Further risk is introduced by the weak update mode of asynchronous checkpoints. This means that when any of the write operations return with an error, some of the changes might have been applied to some sections and therefore corrupt their data. From a service implementation perspective this means that when updating such a checkpoint the data can be changed directly in the active replica. There is no promise of the ‘all or nothing’ atomicity and therefore the operation can be faster at the price of a greater risk.

7.4.4.4 Replica Management

With respect to the asynchronous checkpoints we also need to mention the collocated option as in this case the user application has to take the responsibility of managing the replicas.

First of all replicas are created only due to user actions: When a user process opens a checkpoint on a node that does not host a replica for it, the service will create a new replica locally. This means that to protect the checkpoint data adequately the users need to open the checkpoint from different nodes so that the replication occurs.

Considering that in a cluster the user processes may not be in control of their location this seems to be an odd requirement toward applications considering the goal of the SA Forum.

In reality this checkpoint option assumes that the user processes are part of components managed by AMF that form a protection group. In this case, AMF will make sure that these components are running on different nodes and therefore they only need to coordinate their management of the checkpoint replicas with the assignments they receive from AMF for the associated with the checkpoint CSI. So the checkpoint collocation mechanism actually makes sure that mechanism replicating a checkpoint and the processes accessing this checkpoint and its replicas are not controlled by different tunes of different managers, but they are synchronized under a single manager, which is AMF.

7.4.4.5 Access for Read

To read a checkpoint a process needs to open it with the read flag set. In this case the creation attributes and flags do not need to be set.

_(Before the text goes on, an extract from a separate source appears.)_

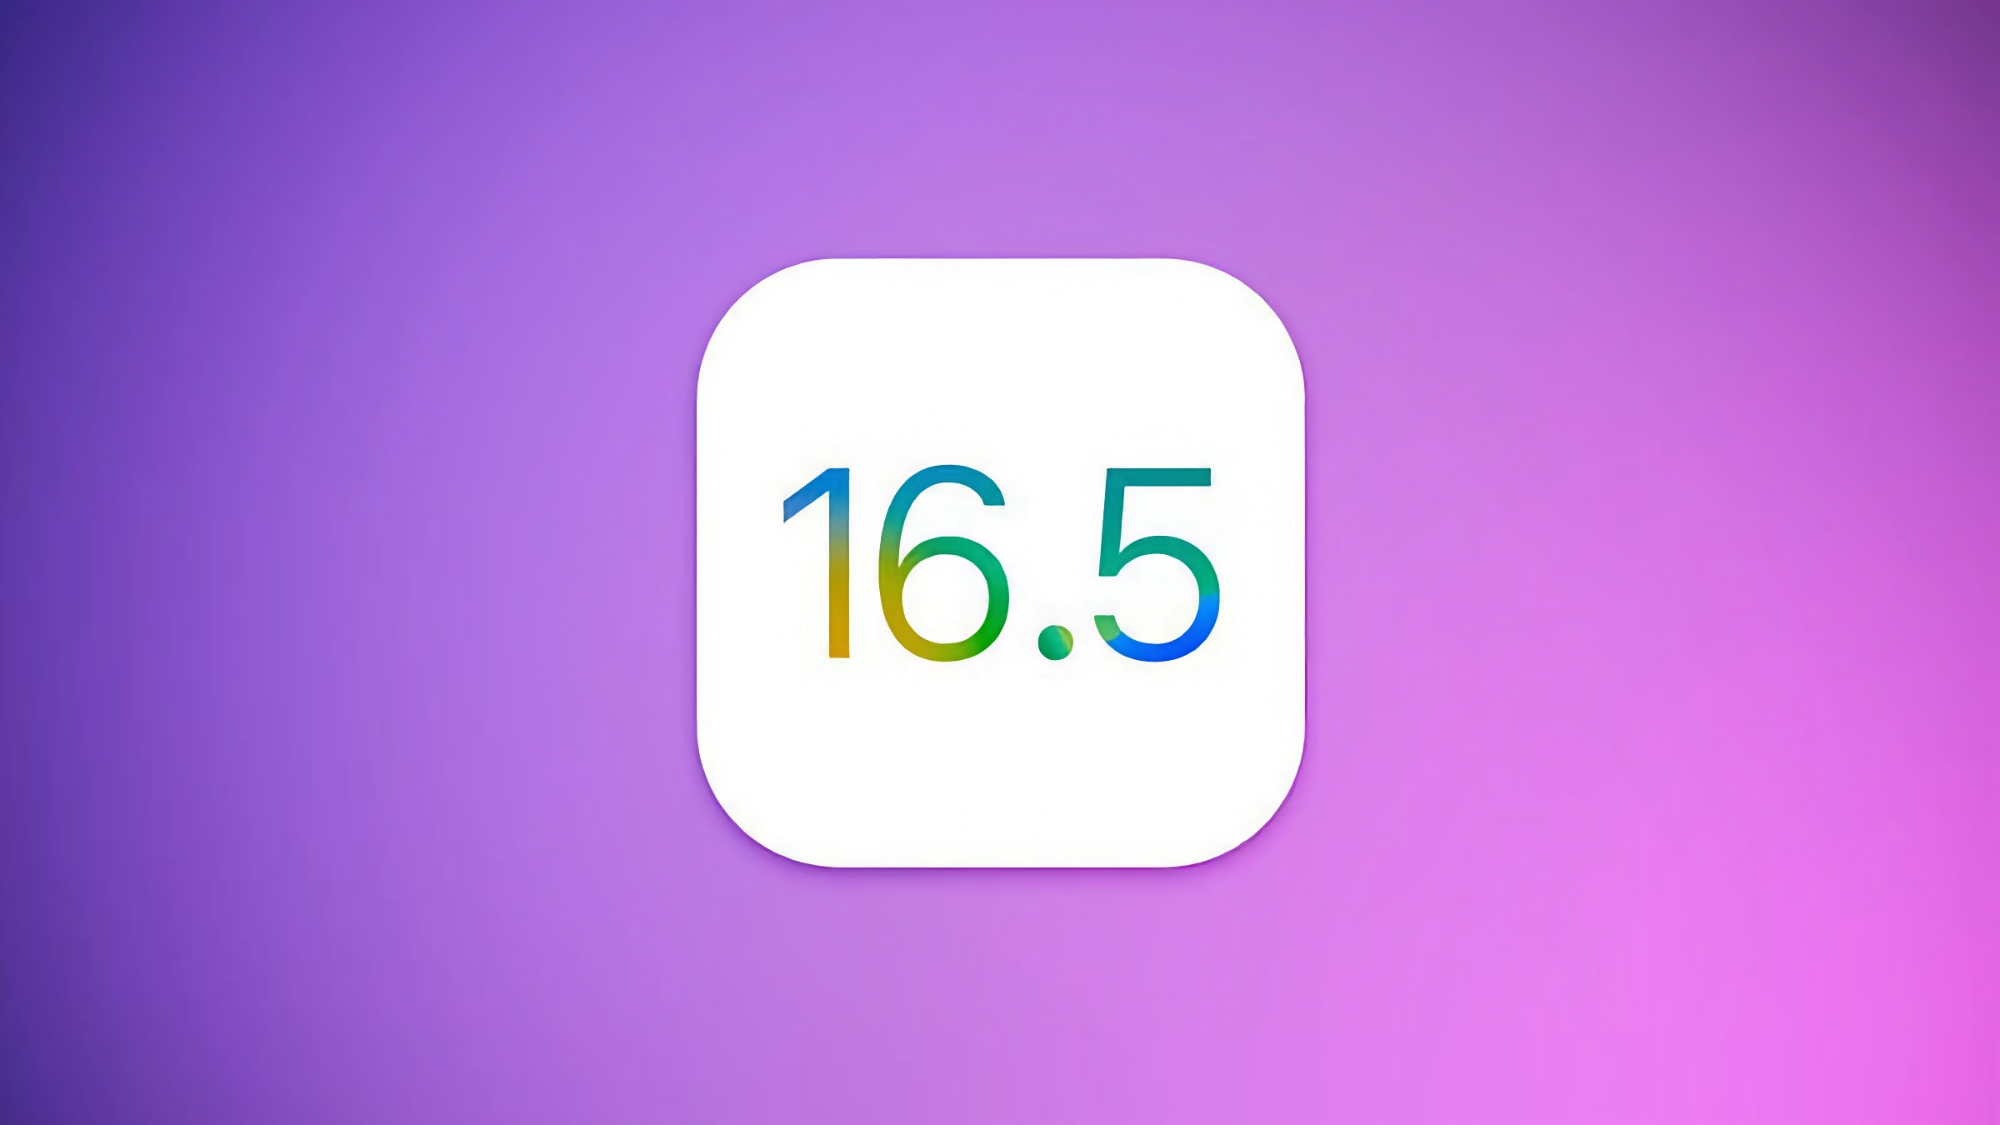 Apple veröffentlicht zweite Beta-Version von iOS 16.5 und iPadOS 16.5

Once a process has successfully opened a checkpoint for read, it may collect any stored information any time provided it is aware of the checkpoint structure. The process needs to know at least the section ids so that it can indicate in the read request the sections it wants to read, they need to be named explicitly.

The process may or may not provide buffer space for the actual data. In the latter case the CKPT will make the memory allocations that the process will need to free once it processed the collected data.

If the process is not aware the actual contents of the checkpoint it can use the checkpoint status get and the section iteration API to collect the information needed to formulate a valid read call.

For the interpretation of the checkpoint data again user processes need to follow some conventions; however as we have mentioned, since these are assumed to be processes of the same application the issue should not be critical.

The concurrent access may also require considerations at read access. Since a user may read a checkpoint while another user is writing it. As the CKPT is not required to provide concurrency control, the data obtained by the reader may be inconsistent, that is, partially written at the time of the read. Service implementations, however, may provide stronger guarantees.

As opposed to the EVT and the MSG, the CKPT does not provide any API through which it would inform its user processes that opened a particular checkpoint for reading that the checkpoint has changed. This is probably the greatest issue with the CKPT specification available at the time of writing.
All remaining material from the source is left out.